ABIA – Como a falta de penicilina tem afetado o controle da epidemia de sífilis e como podemos resolver essa questão?
PASSOS: Já houve uma falta maior, hoje em dia é menor. O Governo Federal comprou penicilina porque tem um pacto entre os serviços de saúde federal, estadual e municipal. A penicilina está no pacto das doenças sexualmente transmissíveis para compra pelo município e pelo estado, porém eles não compraram porque faltou, porque a penicilina não é mais produzida no Brasil. Nós há mais fábricas no país e tem poucas fábricas no mundo, creio que na China e na Índia. Houve desabastecimento porque essas fábricas tiveram problemas de abastecimento. O Governo não fez um planejamento para ter o produto e acabou faltando. Penicilina é o melhor tratamento para sífilis. Faltando penicilina, não tem o tratamento, tem que usar outros remédios, que nem sempre podem ser utilizados na gravidez. Quando falta esse remédio a pessoa não trata e isso pode aumentar a transmissibilidade. O governo brasileiro e de outros países não se deram conta que devem vigiar a produção de certos medicamentos. Com o volume de sífilis no Brasil, o país não fez o devido planejamento para ter o medicamento em estoque num momento de falta da penicilina no mercado mundial.
ABIA – Qual a importância da participação da sociedade civil neste Congresso?

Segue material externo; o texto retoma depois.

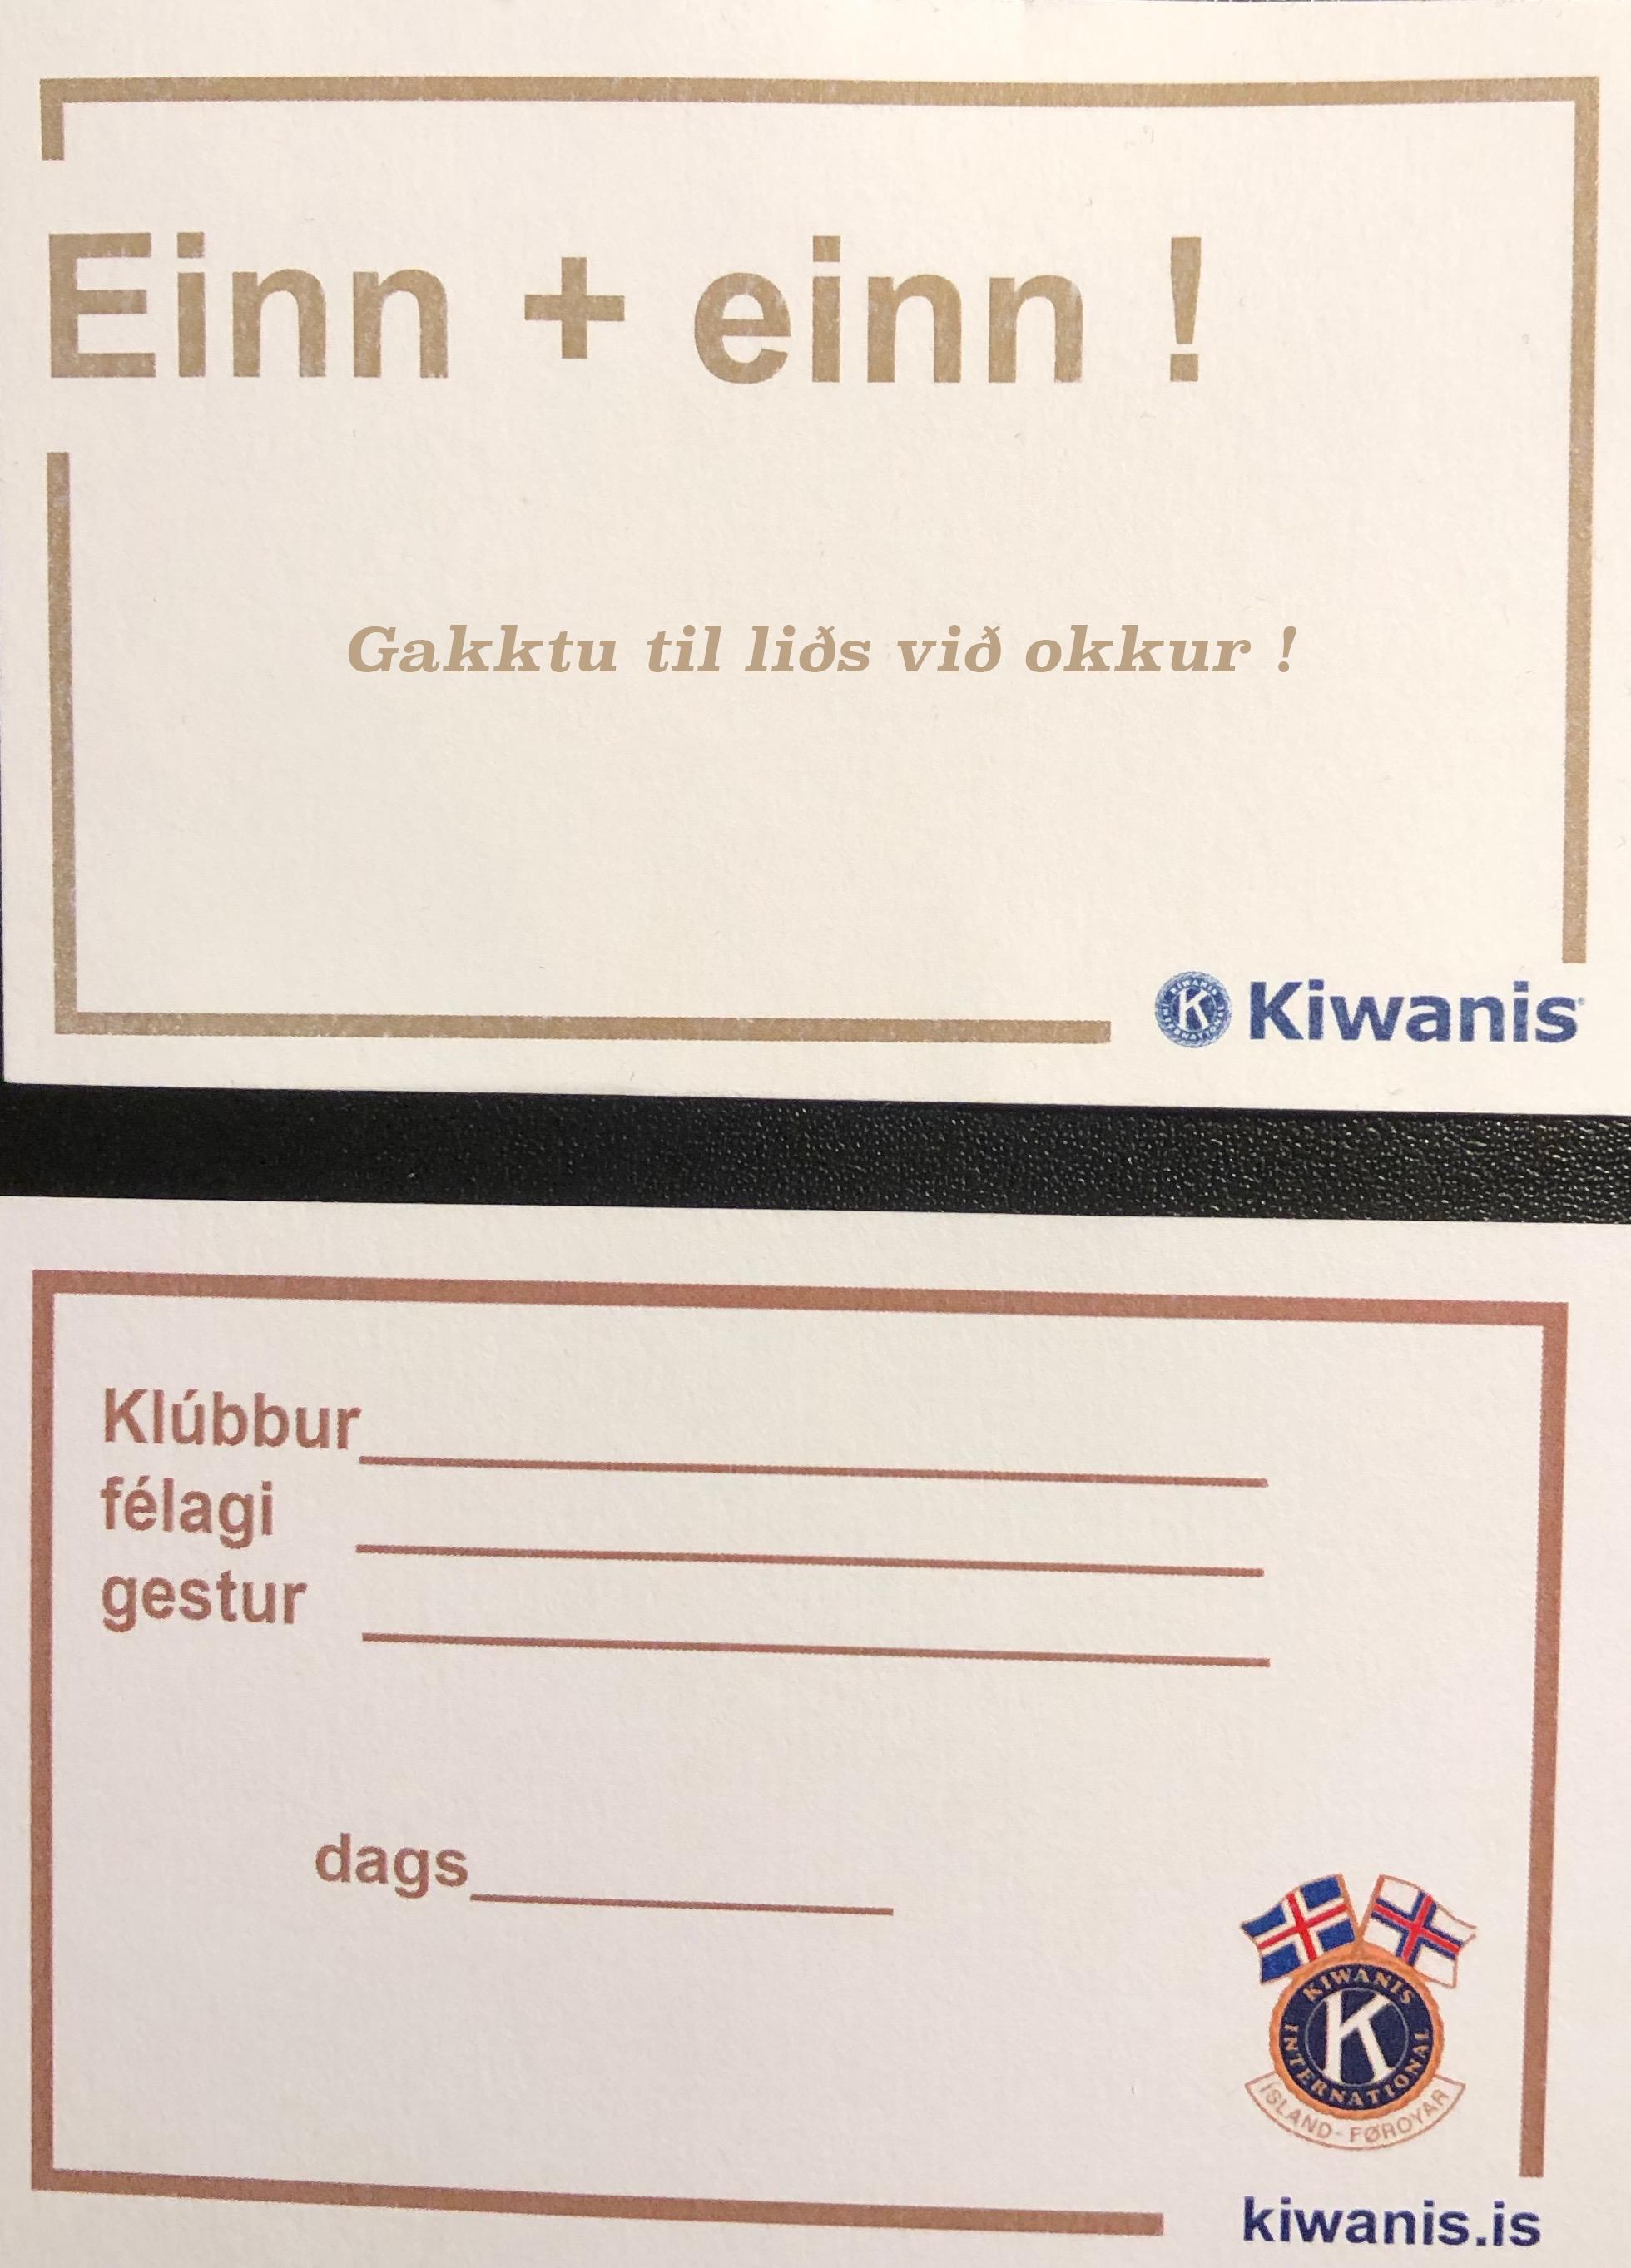 Einn + einn átakið !

PASSOS: A sociedade civil é um do porta-voz importante das demandas, anseios, dificuldades e facilidades para a população entender o problema. E isso é primordial num congresso. E, por isso, é fundamental termos uma organização como a ABIA conosco. Só tenho a agradecer por esta oportunidade que vocês nos oferecem ao colaborar e participar, e , sobretudo, trocar conhecimento. São outros olhares com contribuições valiosas.
ABIA – Que mensagem o senhor gostaria de deixar para os leitores da ABIA?
PASSOS: Que tanto a mensagem desta entrevista quanto o próprio congresso sejam uma oportunidade para fazer uma reflexão e até mesmo uma crítica, sobre qual caminho devemos trilhar para concretizar o bem comum. A única finalidade da ciência é aliviar a canseira da existência humana. Então, todos precisam estar envolvidos. E o meu direito como cidadão está junto com o direito do meu vizinho, parceiro ou parceira, enfim, está conectado com o direito da sociedade.